Since this uses BPF, only the root user can use this tool.

Requirements

CONFIG_BPF and bcc.

Options

-p PID Trace this PID only.

-j

Trace output in CSV format.

min_ms

Minimum I/O latency (duration) to trace, in milliseconds. Default is 10 ms.

Examples

Trace synchronous file reads and writes slower than 10 ms:

# nfsslower

Trace slower than 1 ms:

# nfsslower 1

Trace slower than 1 ms, and output just the fields in parsable format (CSV):

# nfsslower -j 1

Trace all file reads and writes (warning: the output will be verbose):

# nfsslower 0

Trace slower than 1 ms, for PID 181 only:

# nfsslower -p 181 1

Fields

TIME(s)

Time of I/O completion since the first I/O seen, in seconds.

COMM

Process name.

PID

Process ID.

T

Type of operation. R == read, W == write, O == open, G == getattr.

OFF_KB

File offset for the I/O, in Kbytes.

BYTES

Size of I/O, in bytes.

LAT(ms)

Latency (duration) of I/O, measured from when it was issued by VFS to the filesystem, to when it completed. This time is inclusive of RPC latency, network latency, cache lookup, remote fileserver processing latency, etc.  Its a more accurate measure of the latency suffered by applications performing NFS read/write calls to a fileserver.

FILENAME

A cached kernel file name (comes from dentry->d_name.name).

ENDTIME_us

Completion timestamp, microseconds (-j only).

OFFSET_b

File offset, bytes (-j only).

LATENCY_us

Latency (duration) of the I/O, in microseconds (-j only).

Overhead

This adds low-overhead instrumentation to NFS operations, including reads and writes from the file system cache. Such read, writes and particularly getattrs can be very frequent (depending on the workload; eg, 1M/sec), at which point the overhead of this tool (even if it prints no "slower" events) can begin to become significant. Measure and quantify before use. If this continues to be a problem, consider switching to a tool that prints in-kernel summaries only. This tool has been tested with NFSv3 & NVSv4, but it might work with NFSv{1,2}, since it is tracing the generic functions from nfs_file_operations.

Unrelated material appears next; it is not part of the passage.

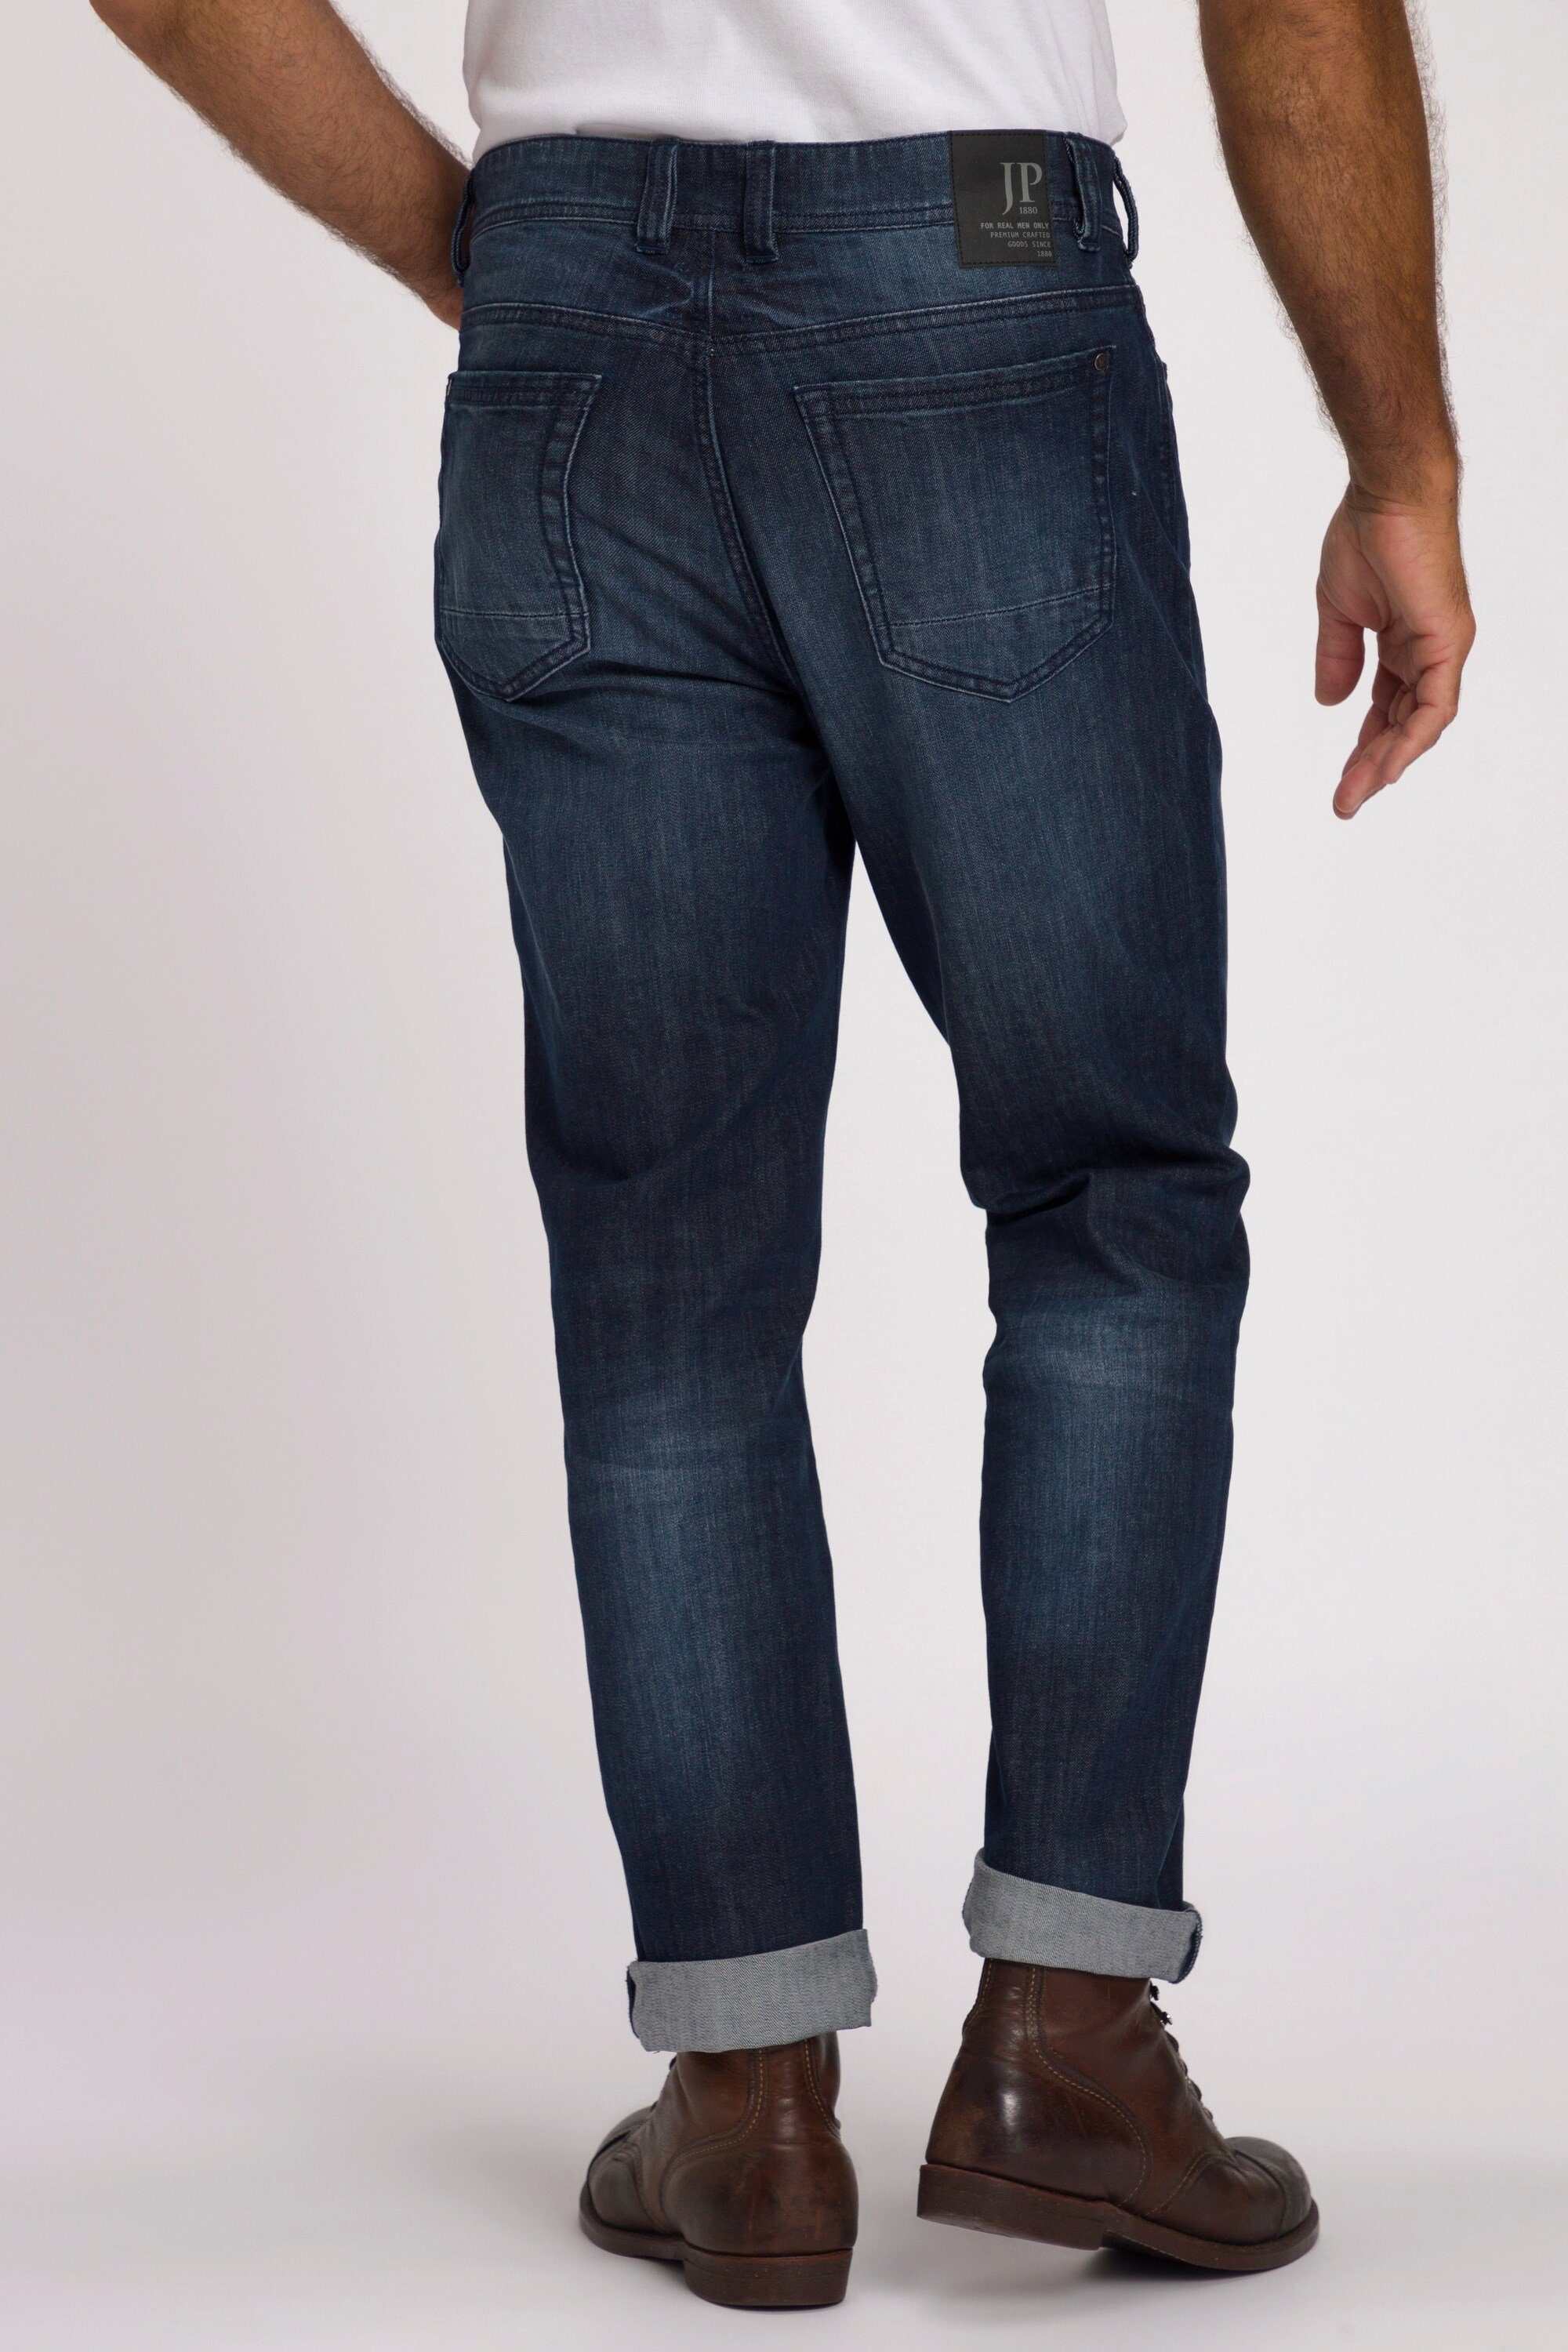 JP1880 Cargohose Fit denim Regular Denim Jeans blue dark 5-Pocket Denim

Note that the overhead of this tool should be less than fileslower(8), as this tool targets NFS functions only, and not all file read/write paths.

Source

This is from bcc.

https://github.com/iovisor/bcc

Also look in the bcc distribution for a companion nfsslower_examples.txt file containing example usage, output, and commentary for this tool.

OS

Linux

Stability

Unstable - in development.

Author

Samuel Nair

See Also

biosnoop(8), funccount(8), fileslower(8)

Info

2017-09-01 USER COMMANDS